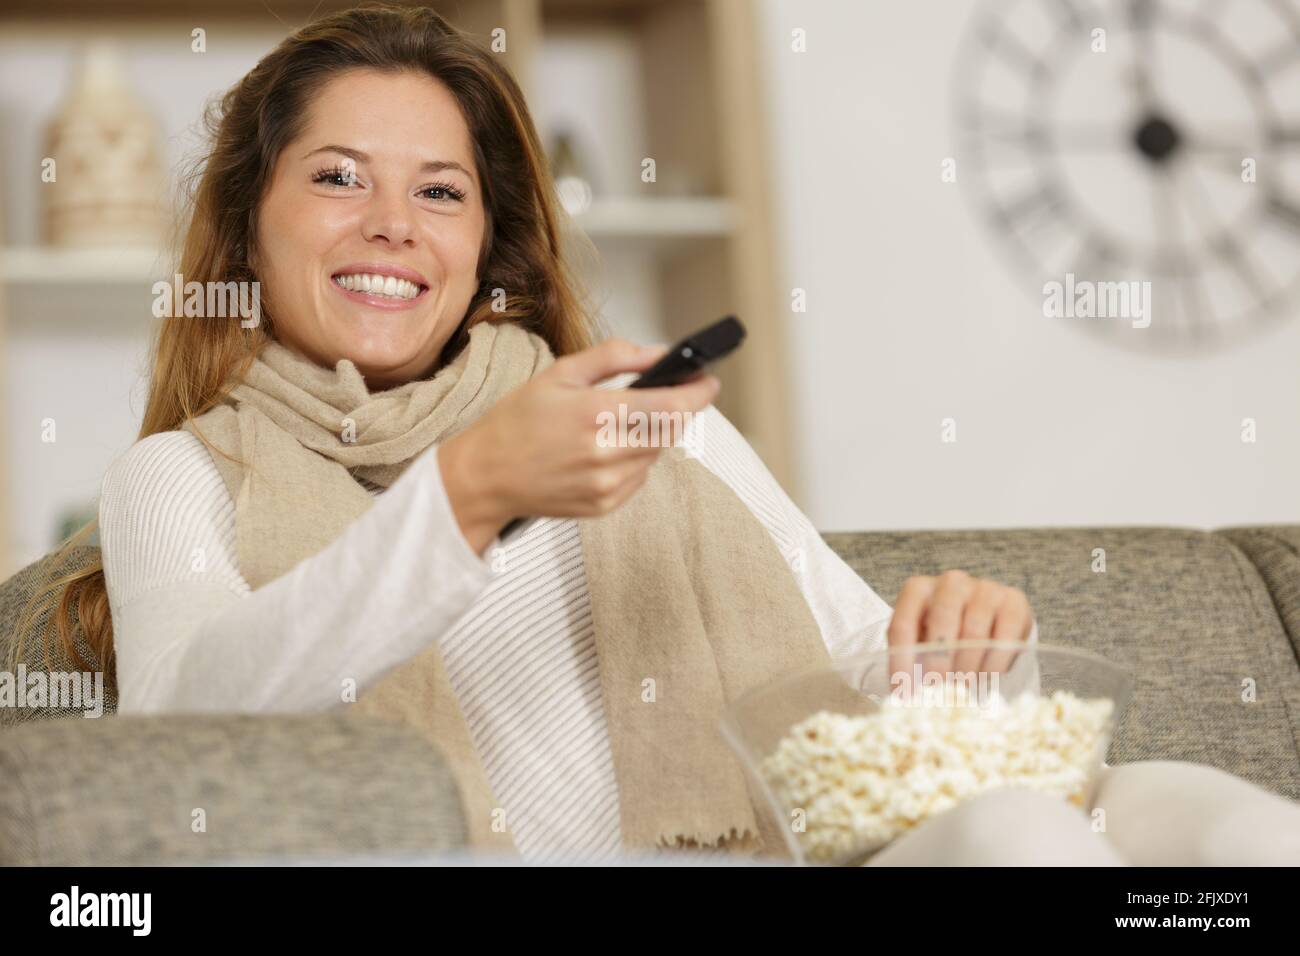 portrait of a funny young watching tv Stock Photo
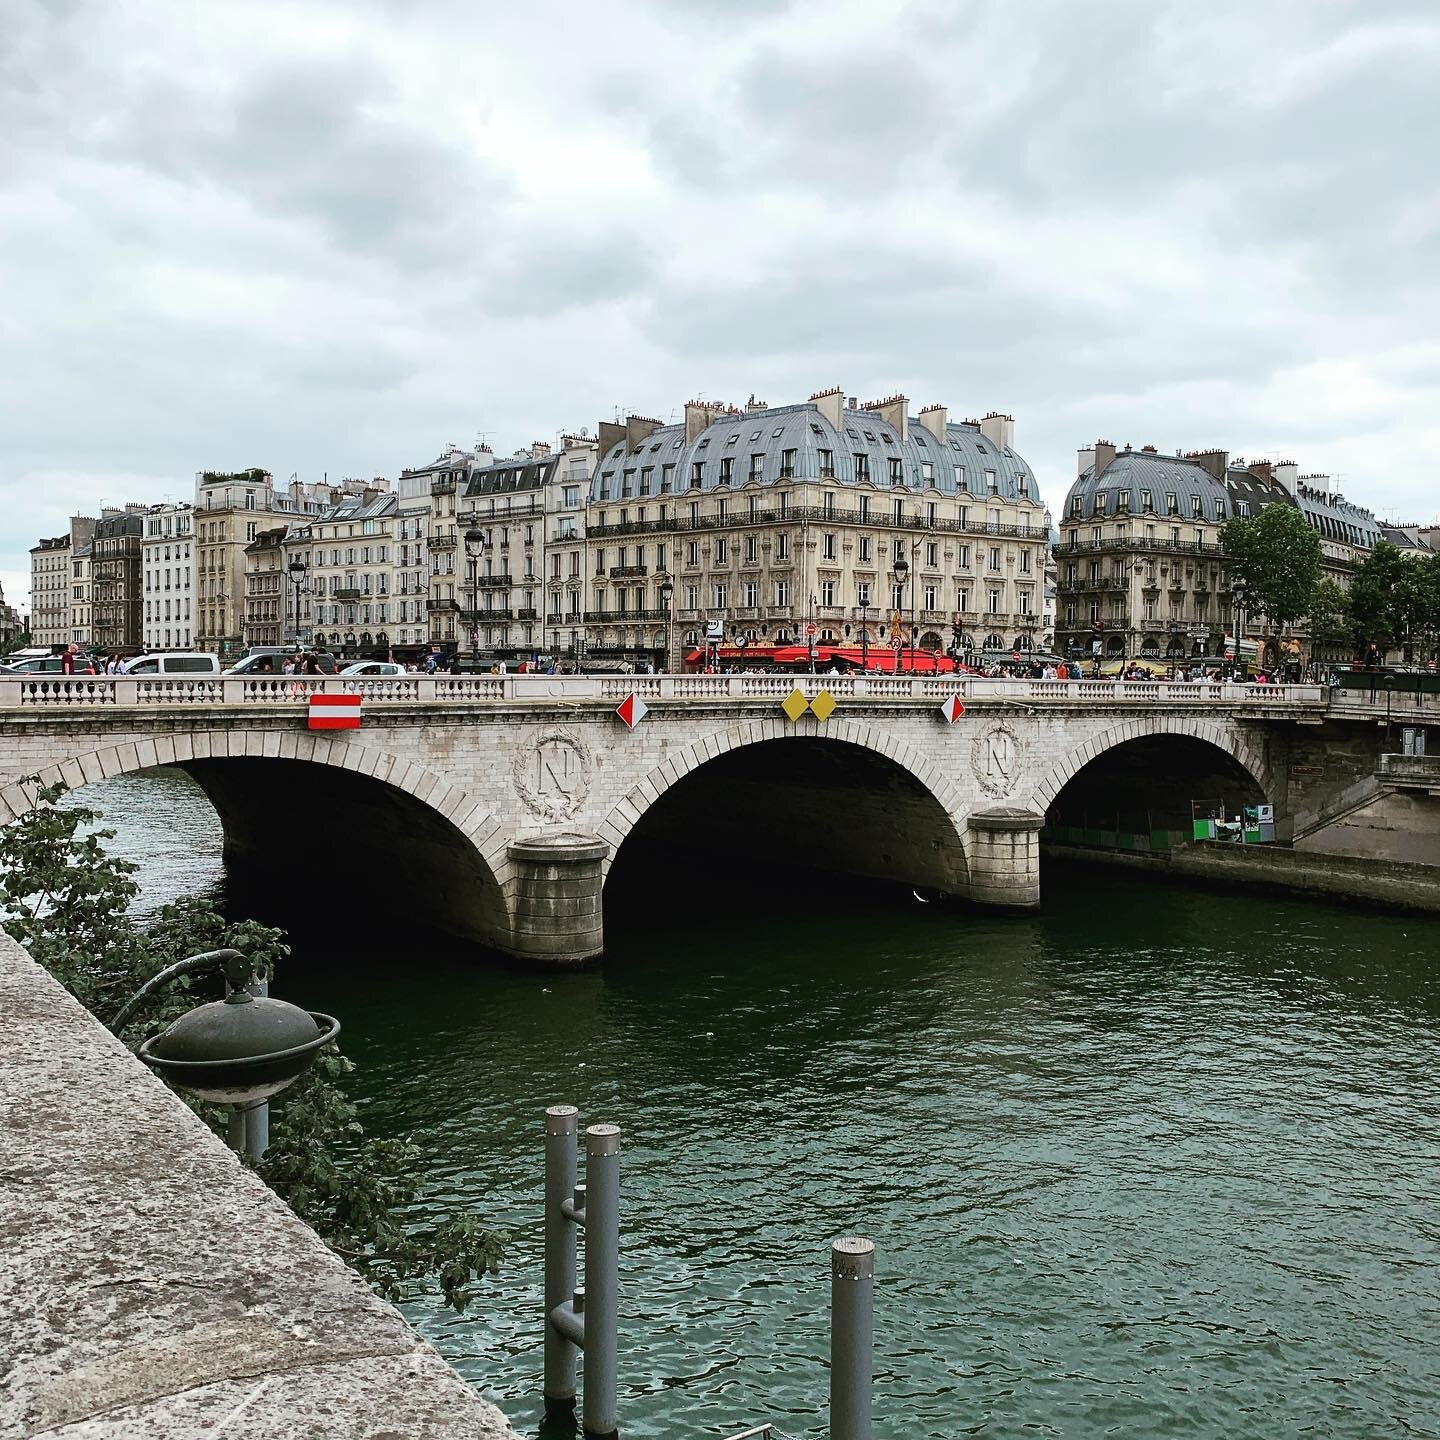 &ldquo;All Parisians know instances of serenity and grace: crossing the Seine and looking to the left and the right and saying to themselves, &lsquo;Ooh La!&rsquo;&rdquo;&nbsp;
-- Cedric Klapisch, filmmaker

.
.
.
.
.

#theriverthatmadeparis #seine #
+++++
Problem requirements - An unchanged copy of the listing, with no pictures, should be returned.

Result of this exercise -
 portrait of a funny young watching tv Stock Photo
 &ldquo;All Parisians know instances of serenity and grace: crossing the Seine and looking to the left and the right and saying to themselves, &lsquo;Ooh La!&rsquo;&rdquo;&nbsp;
-- Cedric Klapisch, filmmaker

.
.
.
.
.

#theriverthatmadeparis #seine #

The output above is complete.